The Puerto Rican parrot once numbered in the hundreds of thousands across the island. By 1975, only 13 remained in the wild, all of them in El Yunque. Habitat loss, hunting, and nest predation by rats and pearly-eyed thrashers had driven the species to the edge of extinction. Recovery efforts began with captive breeding programs and the installation of artificial nest boxes to replace the large tree cavities the parrots require. Progress has been painfully slow. Hurricane Hugo in 1989 halved the wild population. Hurricane Maria in 2017 devastated the forest canopy, stripping leaves and snapping trunks across thousands of acres. Yet the parrots persist. The Puerto Rican broad-winged hawk, the sharp-shinned hawk, and the elfin woods warbler also depend on this forest, making El Yunque one of the most critical conservation sites in the Caribbean.
Of the roughly 16 species of coqui known in Puerto Rico, 13 live in El Yunque.

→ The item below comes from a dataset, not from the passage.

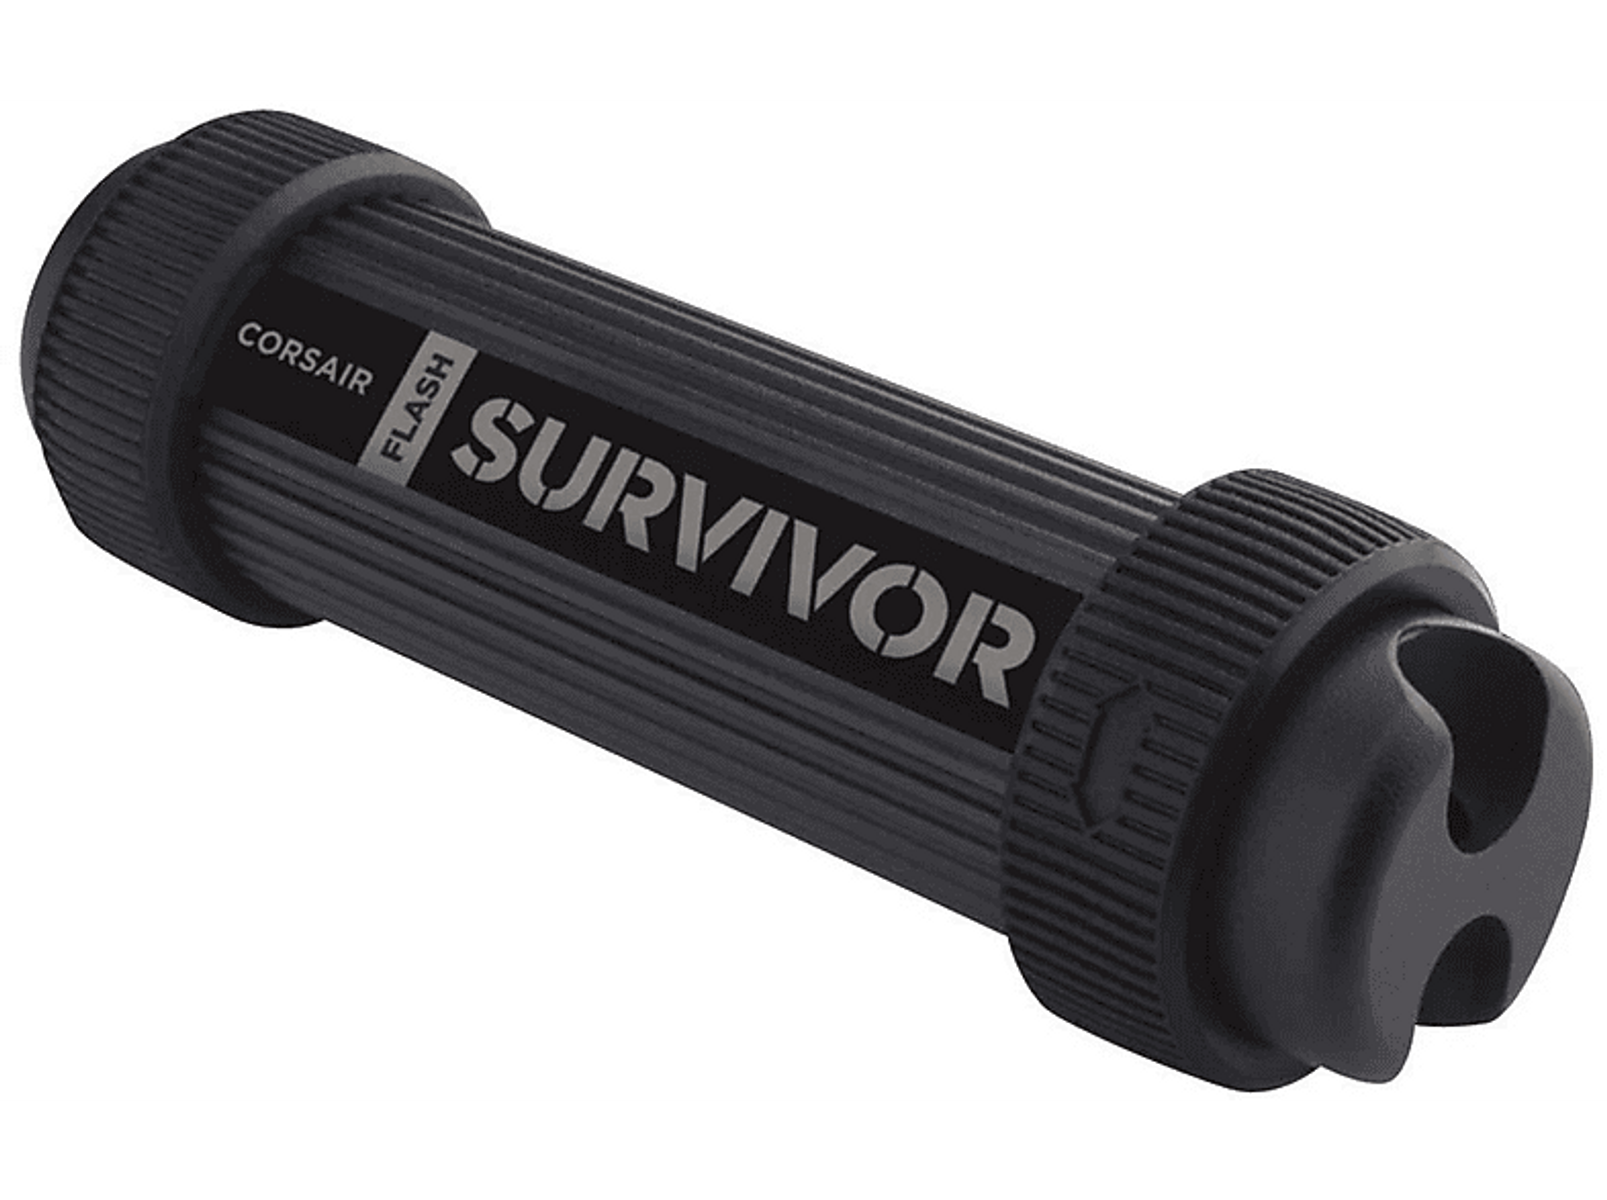 CORSAIR Survivor Stealth USB-Flash-Laufwerk (Schwarz, 1 TB)
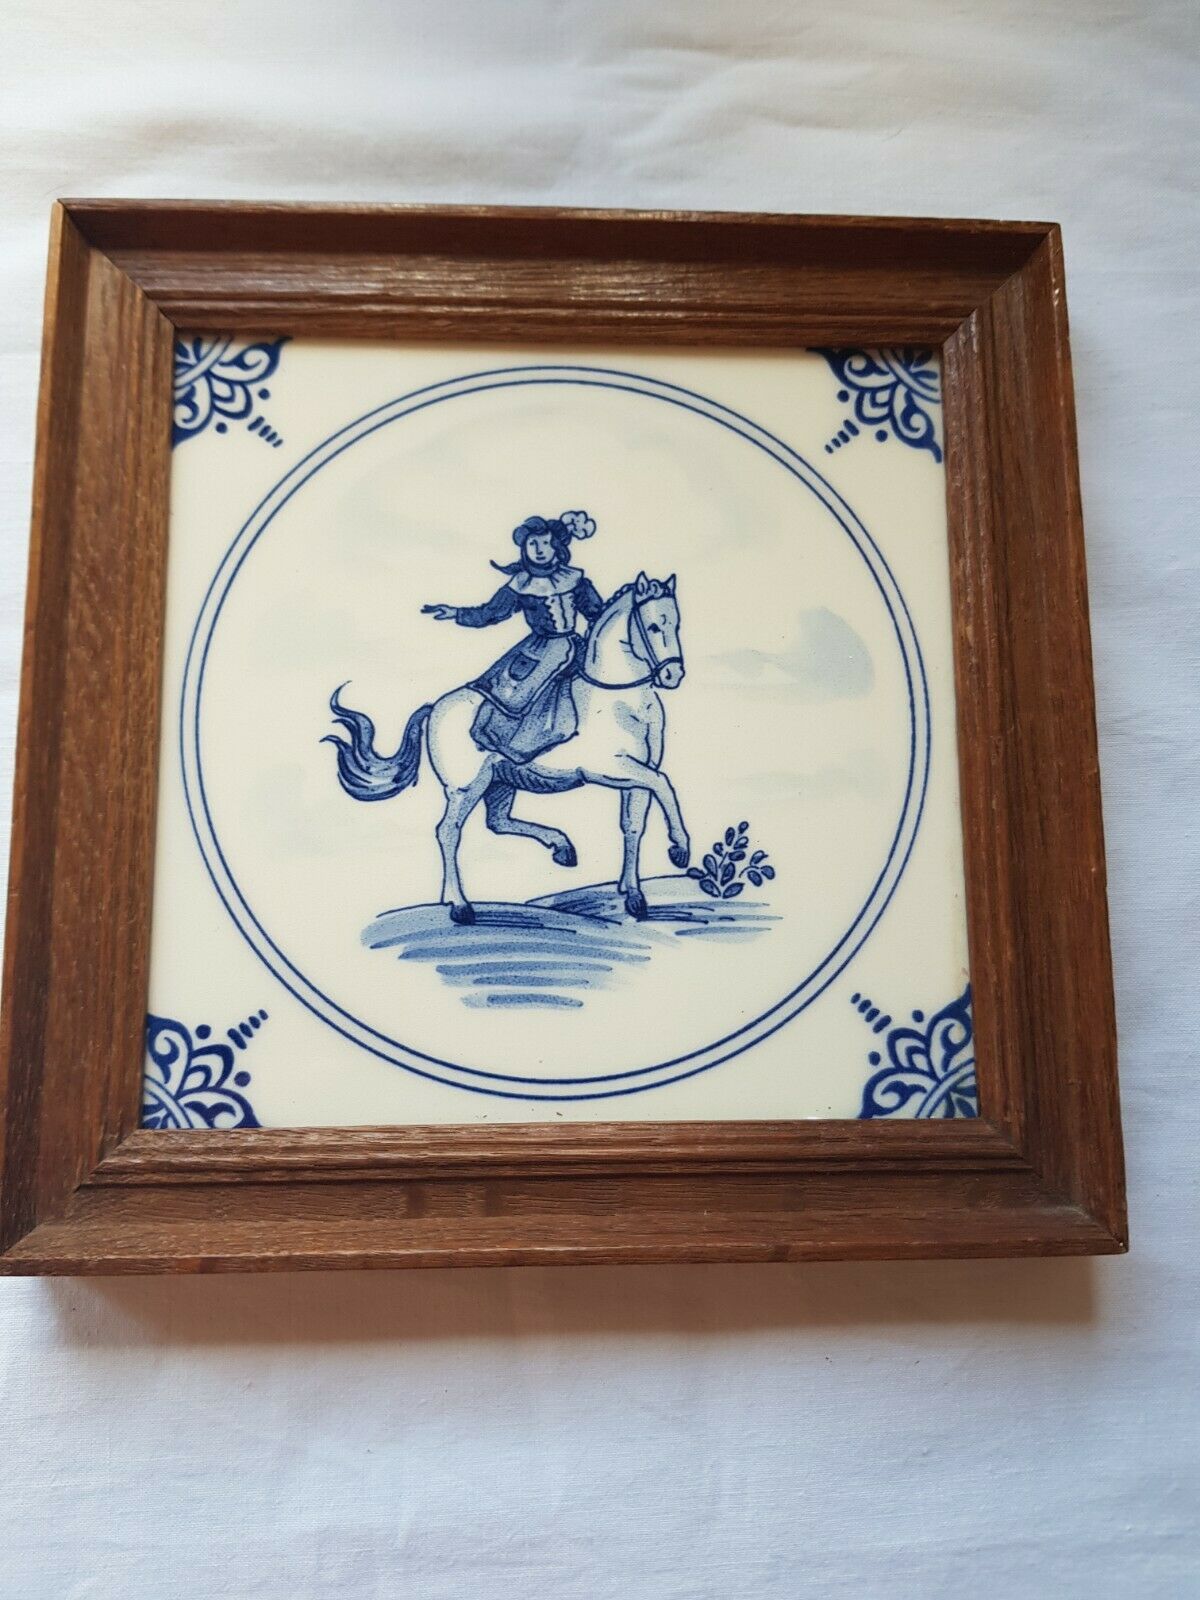 Framed Antique Delft blue tile depicting a Man on horseback

The most famous, Eleutherodactylus coqui, produces its two-note call beginning at sunset and continuing until dawn. The first note, the "co," warns rival males away from its territory. The second, the "qui," attracts females. Unlike most frogs, the coqui skips the tadpole stage entirely. Eggs hatch directly into miniature froglets, each guarded by the father until they emerge. This unusual reproductive strategy eliminates the need for standing water, which is why the coqui thrives in the wet leaf litter of the forest floor rather than in ponds or streams. The species has become so central to Puerto Rican identity that the phrase "soy de aqui como el coqui" (I'm from here like the coqui) is a common expression of national pride.
The forest offers trails ranging from paved interpretive walks to muddy scrambles through dense cloud forest. The Pico El Yunque Trail climbs 1,748 feet over 5.4 miles to the summit of the mountain that gives the forest its name. La Coca Trail, at 1.8 miles, crosses so many streams and such thick foliage that more hikers get lost here than anywhere else in the park. La Mina Trail leads to the most photographed waterfall in the forest, though it remained closed years after Hurricane Maria shredded its canopy. At the El Portal Rainforest Center, a walkway 60 feet above the ground puts visitors at canopy level, face to face with the bromeliads, orchids, and ferns that cling to every available surface. Below, the rivers that Spanish miners once panned for gold run clear over boulders still bearing Taino petroglyphs.
El Yunque National Forest covers the Sierra de Luquillo mountains at 18.32N, 65.78W in northeastern Puerto Rico. The forest canopy is visible as a distinct dark green mass against the surrounding lowlands, often capped by clouds even on clear days. Best viewed from 3,000-5,000 feet AGL approaching from the north or east. The nearest major airport is Luis Munoz Marin International (TJSJ/SJU), approximately 20 nautical miles to the west. Ceiba Airport (TJRV) is closer at about 10 nautical miles to the south. Expect turbulence over the mountains and reduced visibility from orographic clouds, especially on the windward eastern slopes.